* **Material provided**
+++
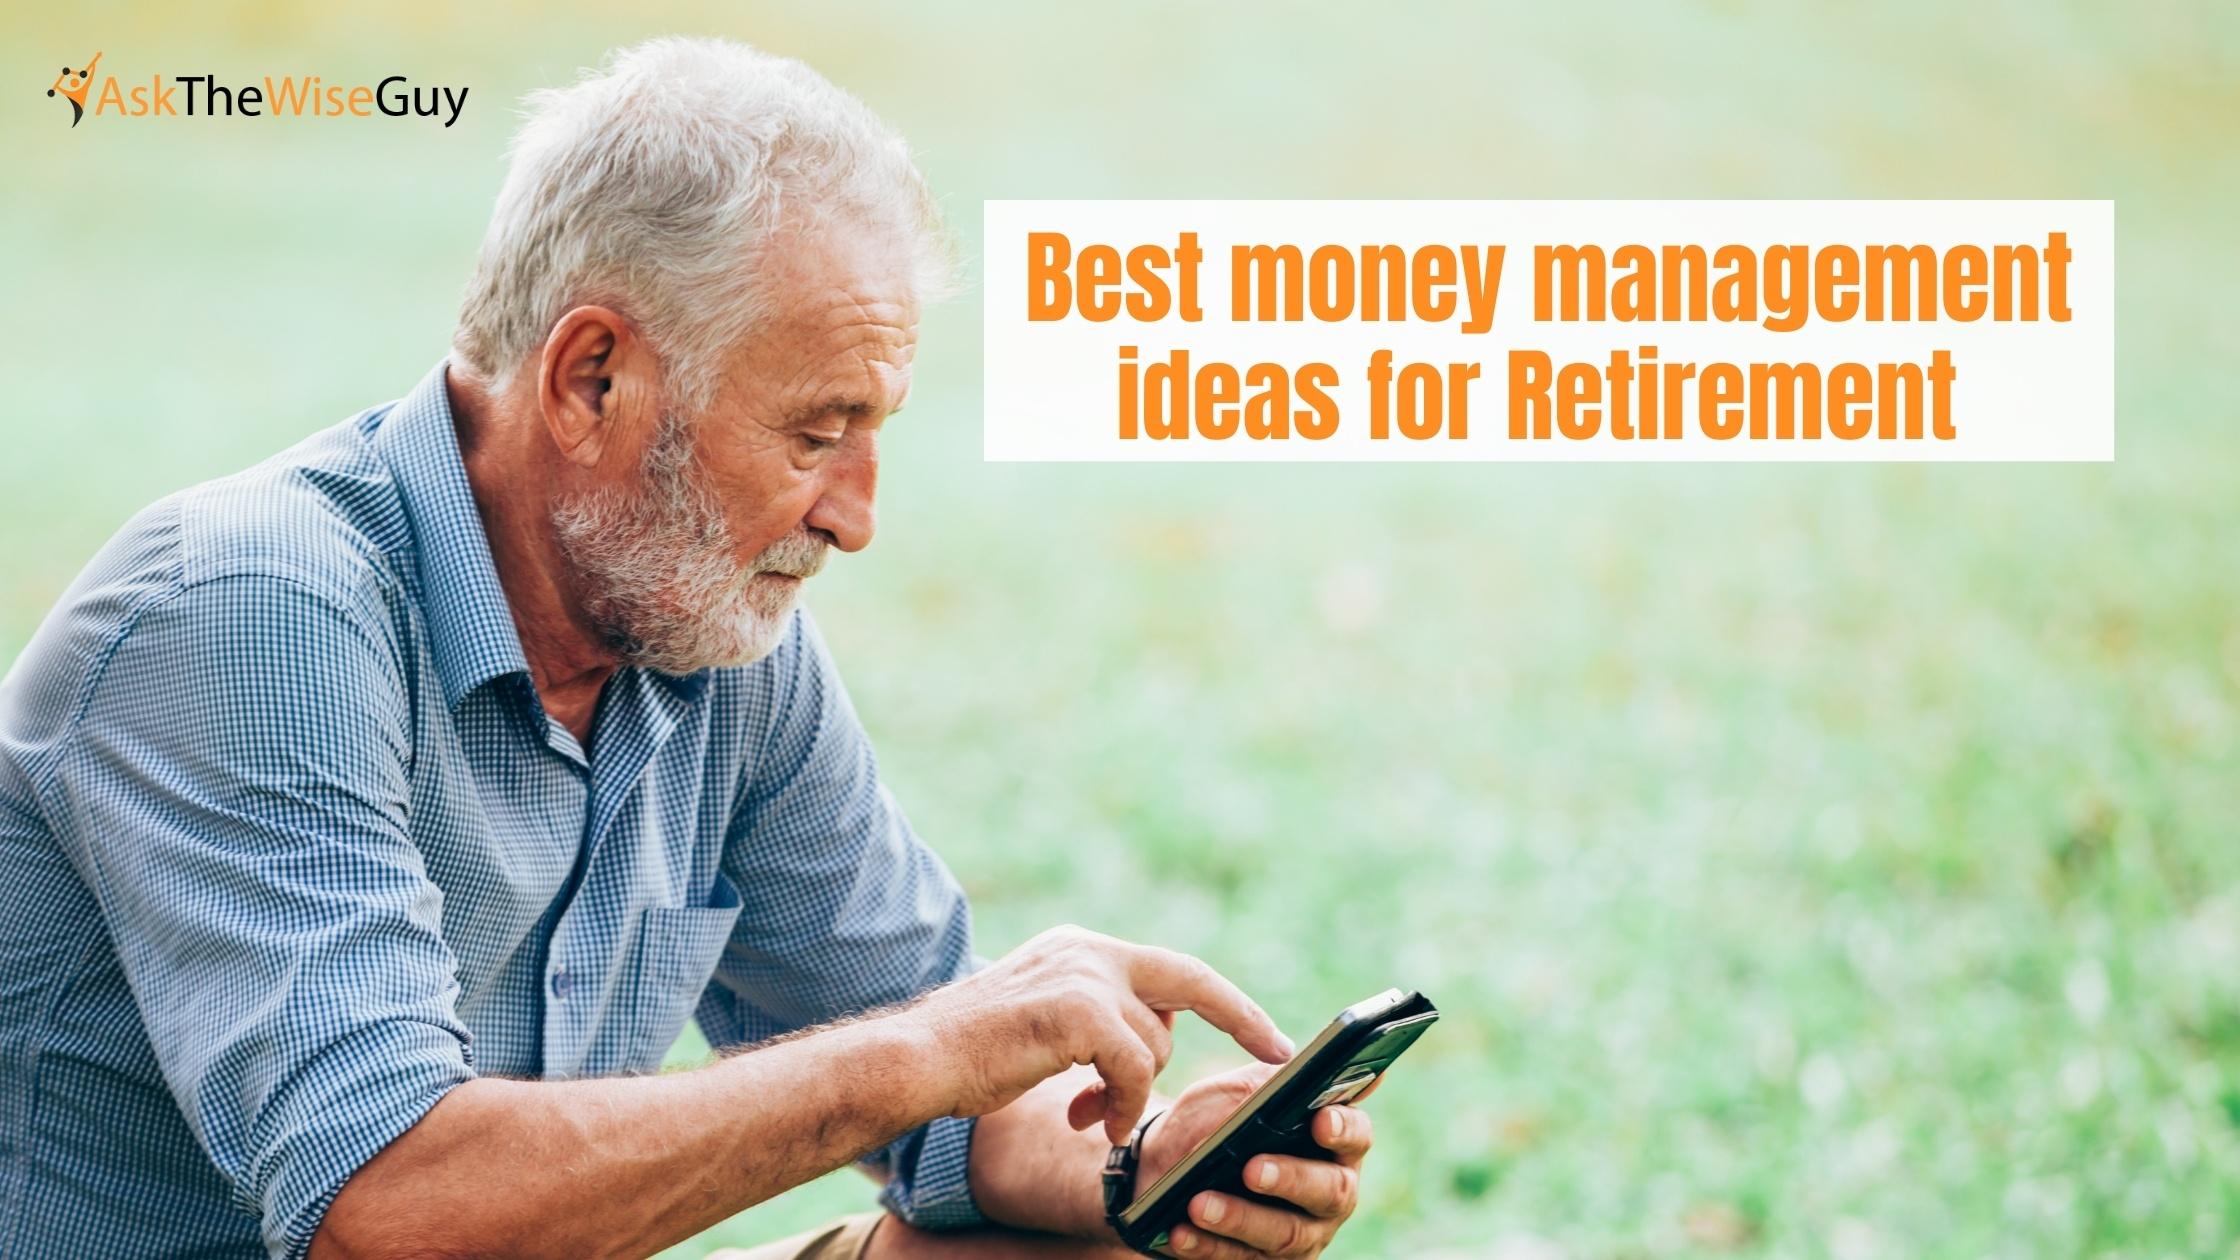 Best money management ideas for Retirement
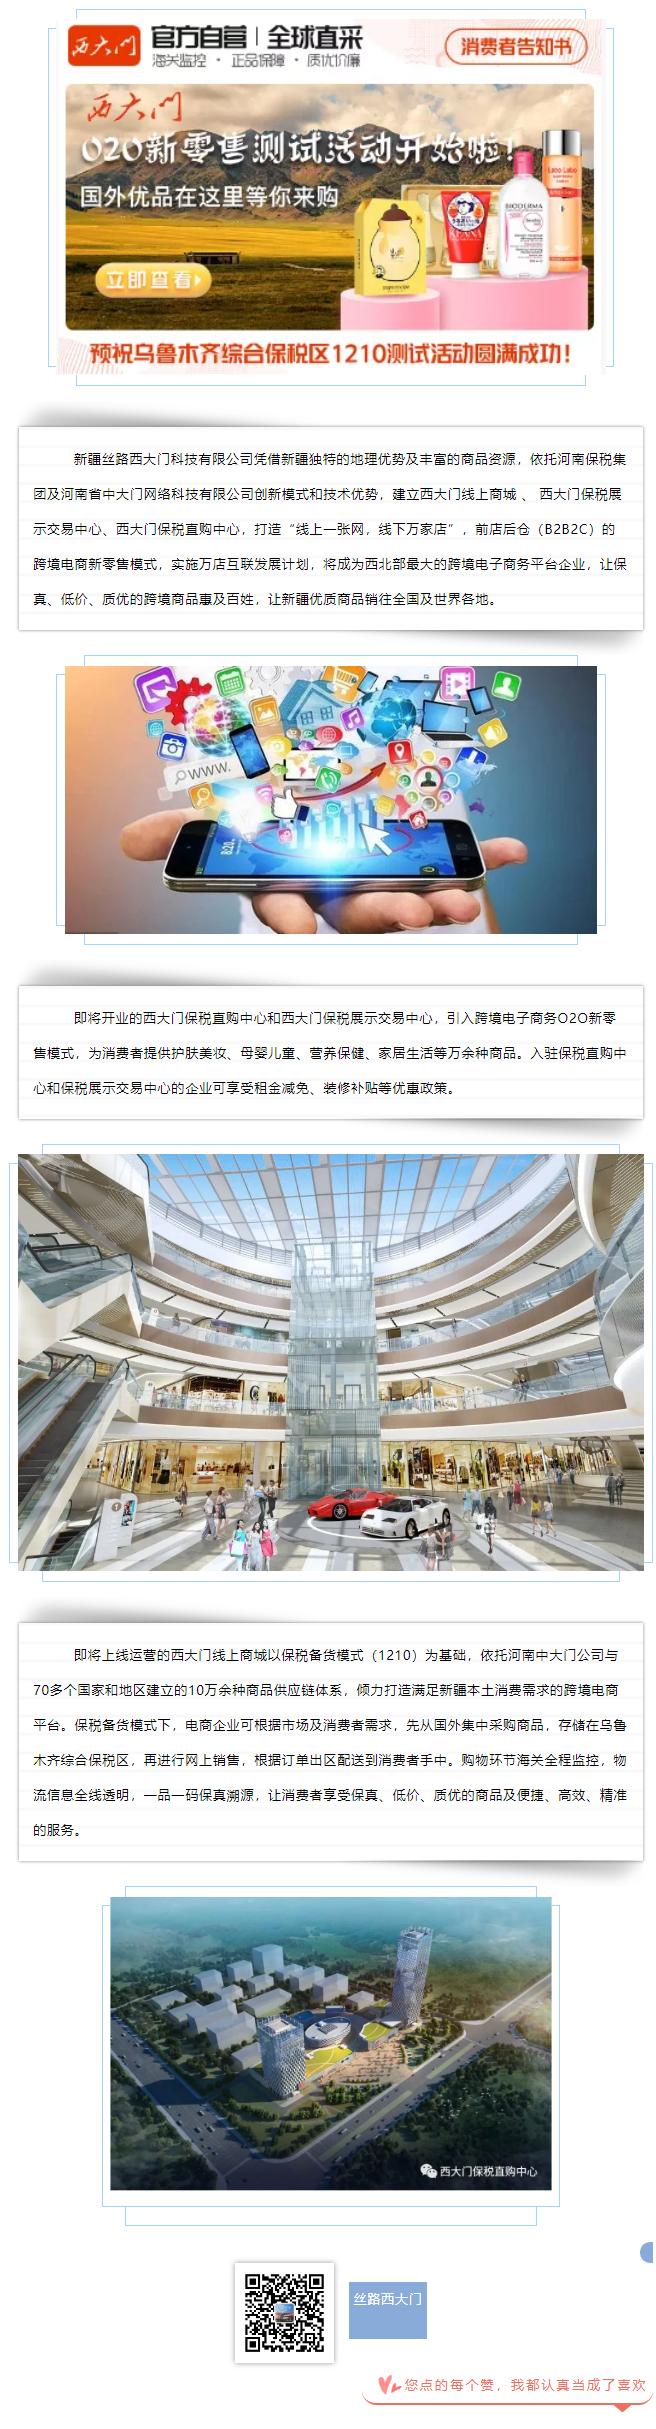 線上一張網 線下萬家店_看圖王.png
+++
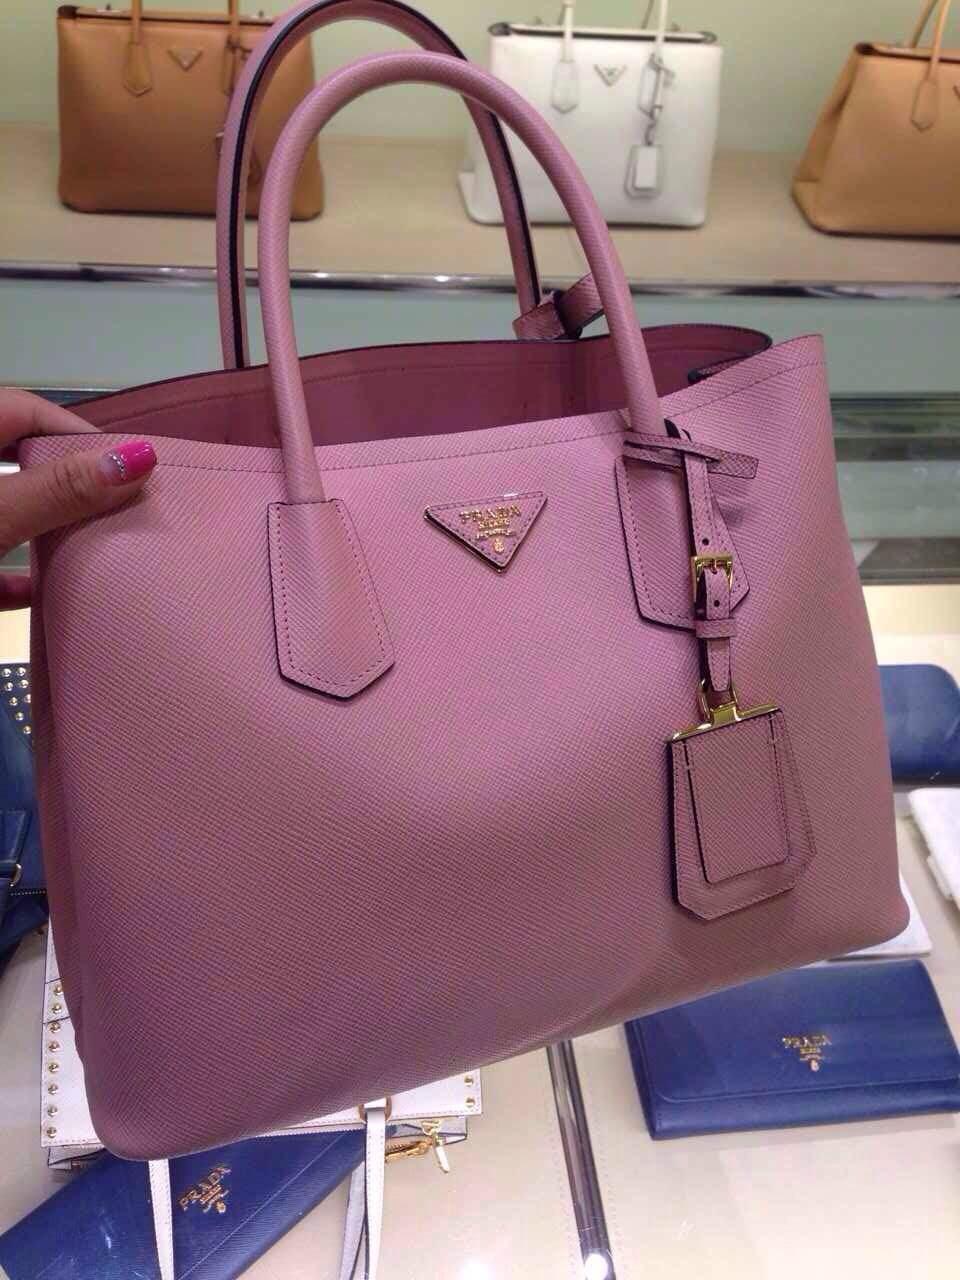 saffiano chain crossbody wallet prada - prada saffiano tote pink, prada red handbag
+++
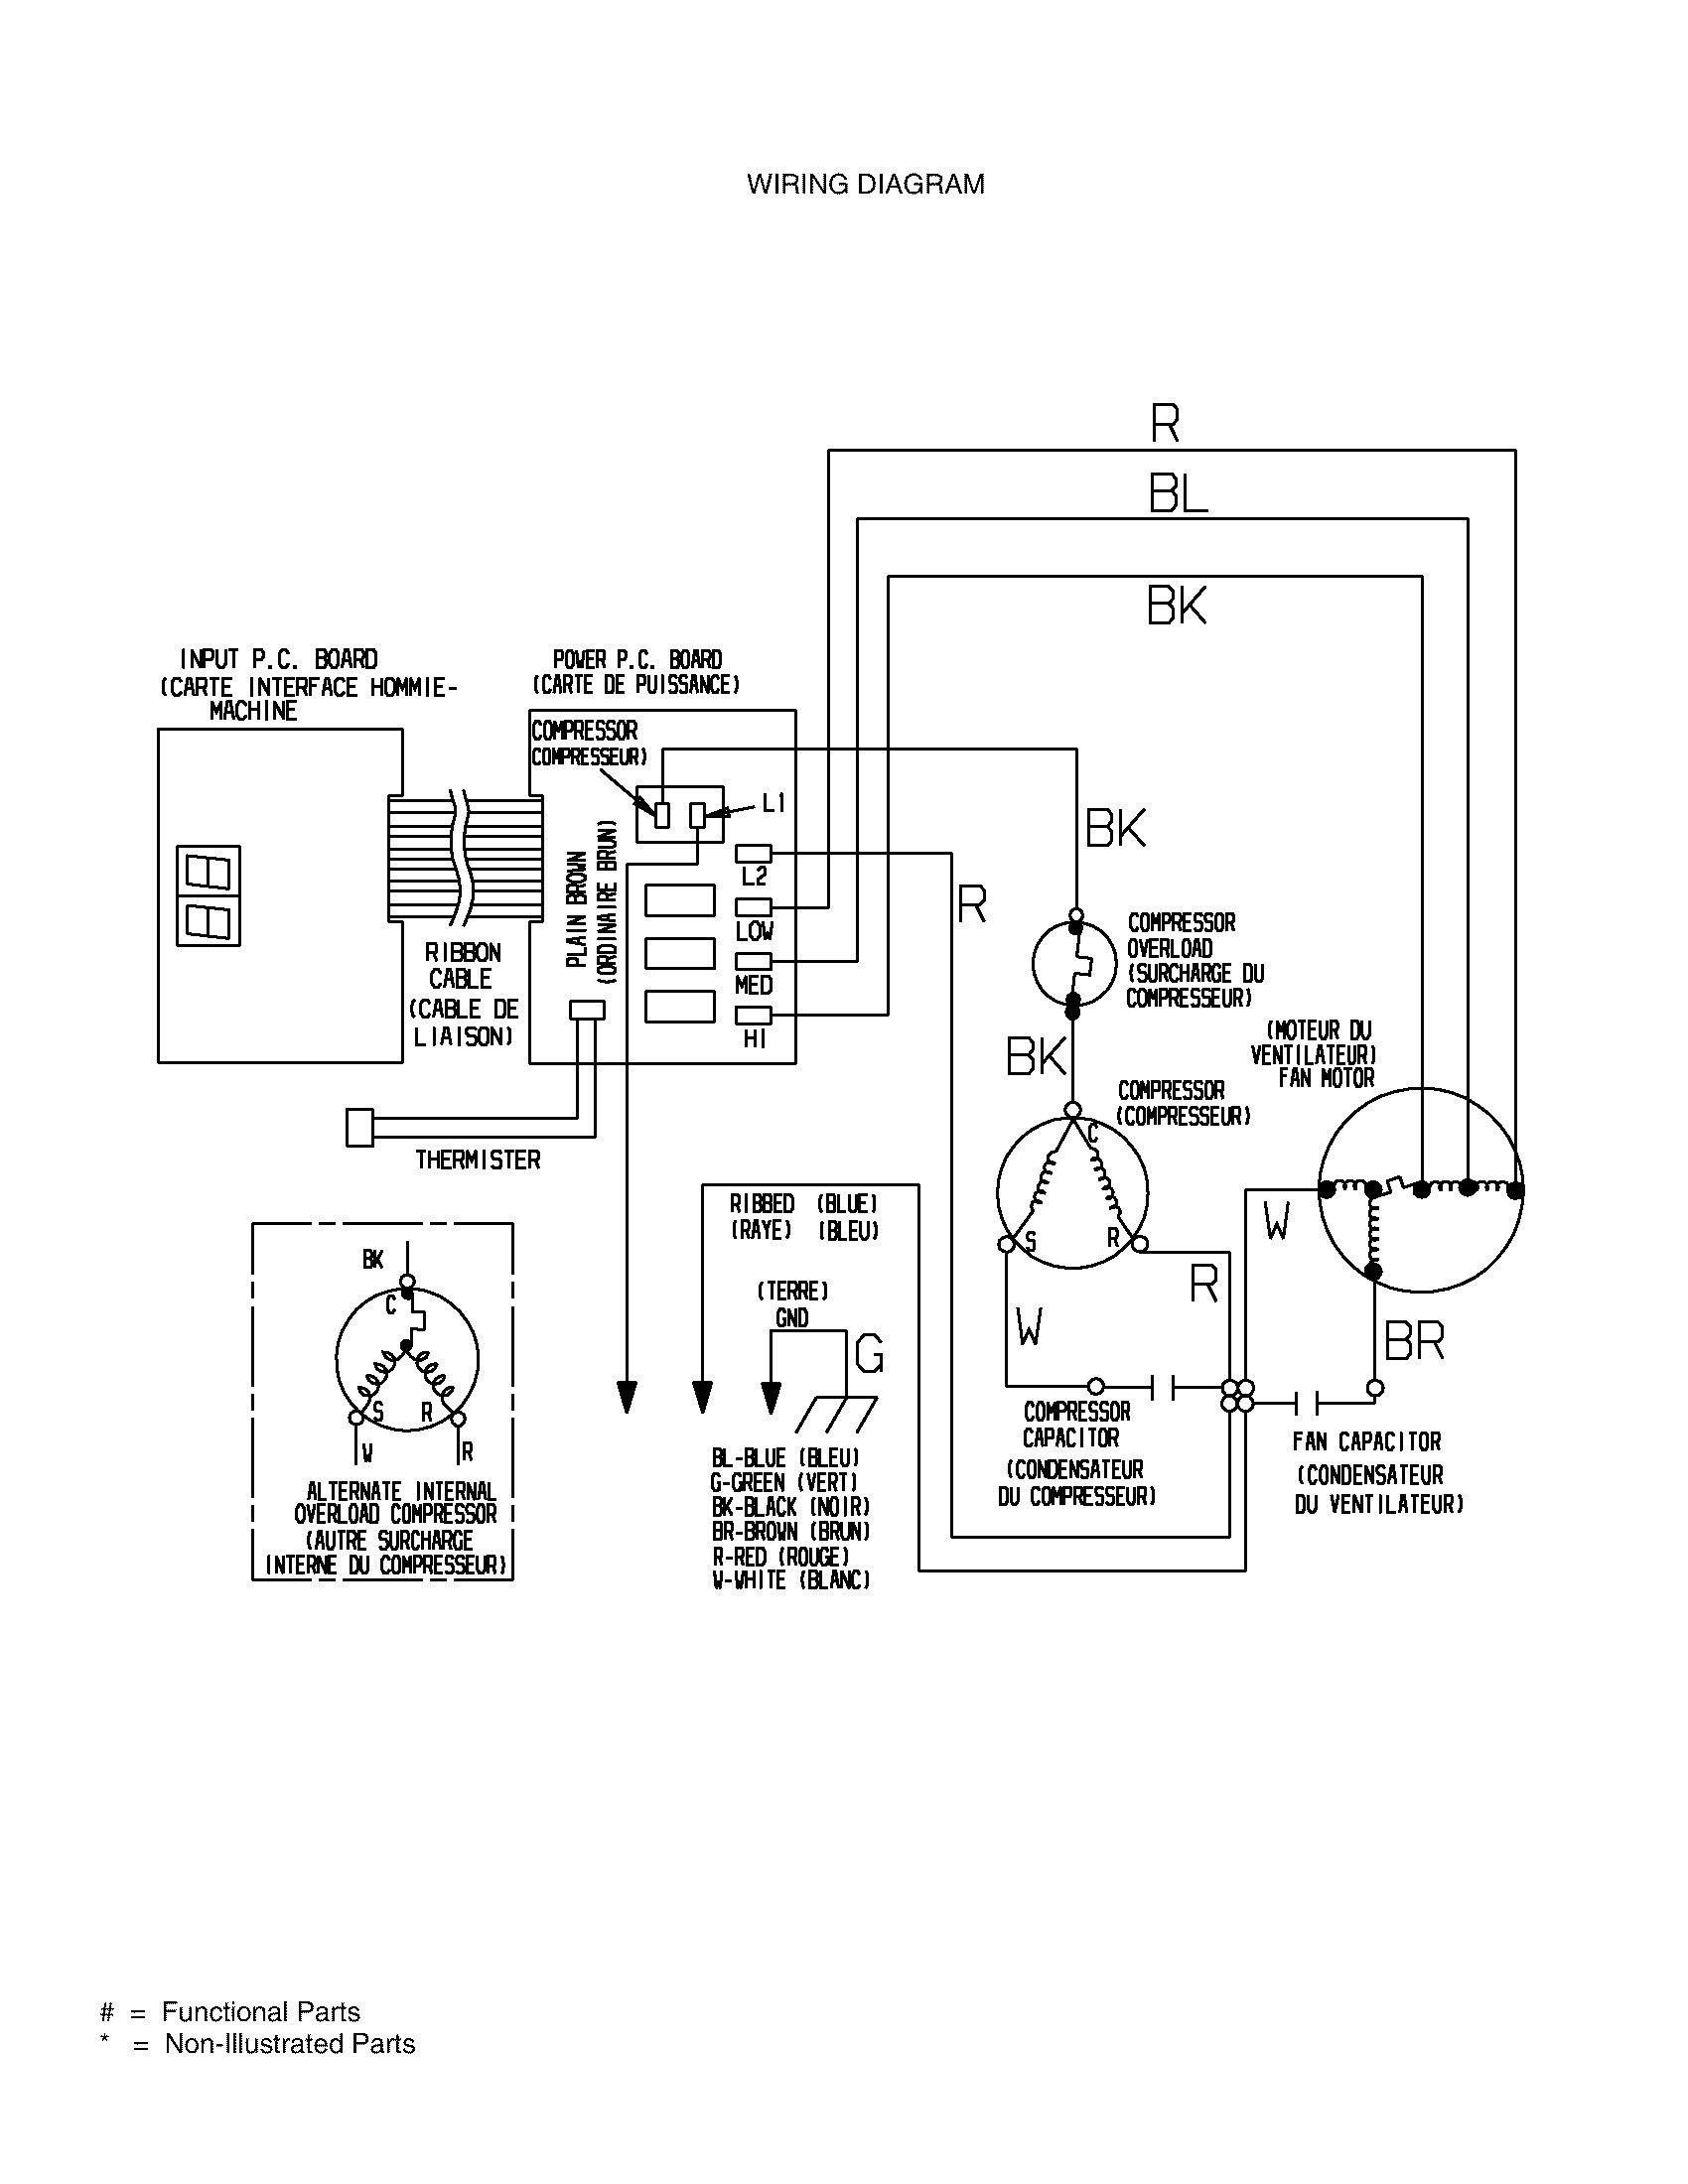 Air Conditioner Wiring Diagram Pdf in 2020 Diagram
+++
* **Instructions for the task**
Working from the entries above, reproduce exactly and only the lines beginning with the line that has "Best money management ideas for Retirement" and ending with the line that has "線上一張網 線下萬家店_看圖王.png"; omit all pictures.

* **Reply to the exercise**
 Best money management ideas for Retirement
 線上一張網 線下萬家店_看圖王.png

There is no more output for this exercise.